Interest rates are at a record low

 As COVID-19 and its associated problems continued to ravage the world, the Fed systematically lowered their rates. While mortgage rates may not have dropped as much as interests do, they have hit historic lows. Lower interest rates offer an opportunity to keep more money in your pocket by locking in lower-cost borrowing.

However, it is important to note that mortgage rates are on the rise. Now is a great time to buy property while mortgage rates are still low.

Real estate prices are likely to start dropping

 As the effects of COVID-19 continue to ravage the world, we are seeing financial markets being crushed, and there are fears that the worst is yet to come. This means that there are fears of another financial bust. There are seeing more and more sellers who are motivated to make a sale now in anticipation that their homes may soon become worthless.

At the moment, there is a higher demand for property than the market can meet. However, job loss is on the rise, and soon the property market will have a small buyer pool. This, coupled with the fact that more sellers are intent on selling, means that prices will soon begin to drop. Job losses are also likely to increase foreclosures, which definitely creates more opportunities for property buyers. While it is still early to make a credible forecast of the property market, any savvy buyer will want to take advantage of the current conditions.

One important thing to do is pay attention to why you are buying property. Whether you are buying property for resale in the future or looking to own a home for yourself or your family, you should know what is different in 2021. Let us look at some of the things that you should consider beyond mortgage rates to ensure you make the right decision when you want to buy property.

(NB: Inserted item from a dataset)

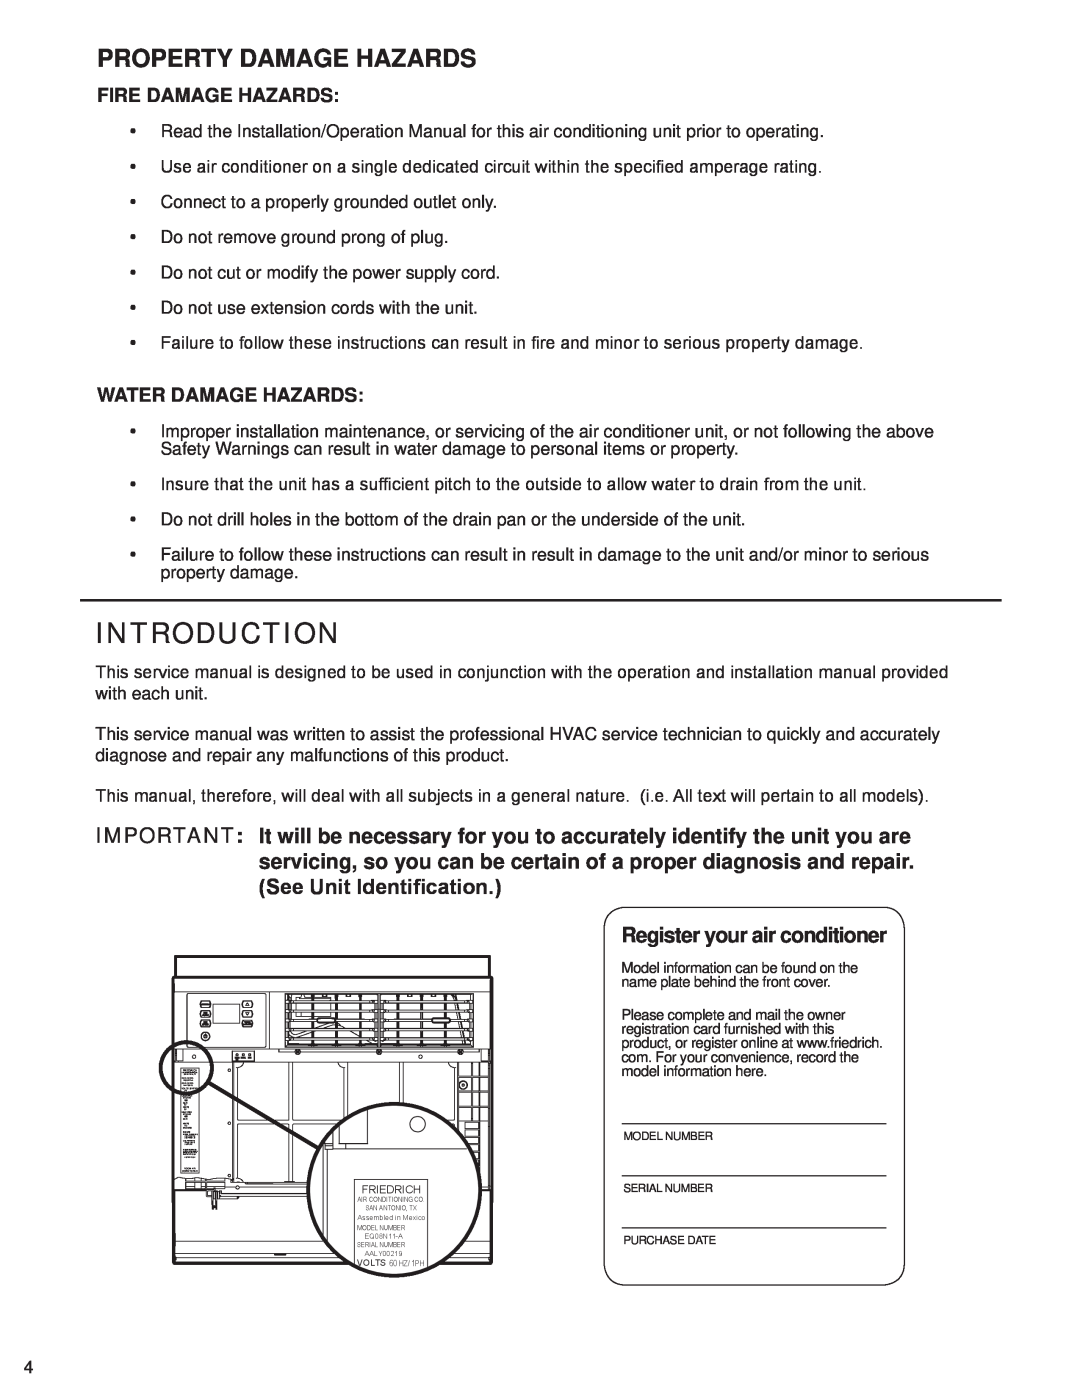 Friedrich SQ10N10, SQ08N10 manual Introduction, Property Damage Hazards, Register your air conditioner, Fire Damage Hazards

Buy a Property Only When You Can Afford It

There is a popular saying on Wall Street that you should never try to time the market. The saying also holds true for the real estate industry. The best time to buy property is now. That is, of course, if you can afford it. Buying property when you can afford it is the best approach to the property market. Do not attempt to time property values and mortgage rates because they are almost impossible to predict. What you can do is consider some money-saving tips. If you are ready to buy, a little bit of financial prep will go a long way in ensuring you get the best deal.

Here are some of the things that you should take into account:

If you are buying property for resale in the future, don’t go for the most expensive house on the block. You will find that the biggest or priciest homes on most blocks appreciate the least, and it’s not easy to find buyers for them in the future.

Take the time to inquire about the different expenses that will be associated with your property purchase, from utility costs, association fees, and property tax taxes, and determine whether buying the property you are considering makes economic sense in the long term.

Base your calculations on a price-per-square-foot basis when you make your bid for the property.

In the six months leading up to your purchase, ensure that you don’t make any large purchases or open a new credit card because your lender may see this as an increased risk.

Make Sure You Don’t Become House Broke

As we have seen, you must remember to focus on the other monthly carrying costs and not just the property purchase. These expenses, which include property maintenance, mortgage, insurance, and other house-related costs, drive people to be house poor.

To avoid being house poor, a good rule of thumb is to ensure that you do not spend more than 30% of your income on mortgage and other house-related costs. If you are buying a home, it is important to remember that a house is not an investment. Otherwise, if you consider your home a future investment, you will be setting yourself up for disappointment.


If you can afford property now and it fits your goals, you should buy. Do not be too influenced by the particular conditions that are currently in the property market. Your decision to buy property should be driven by your needs and desires and not the prevailing market conditions.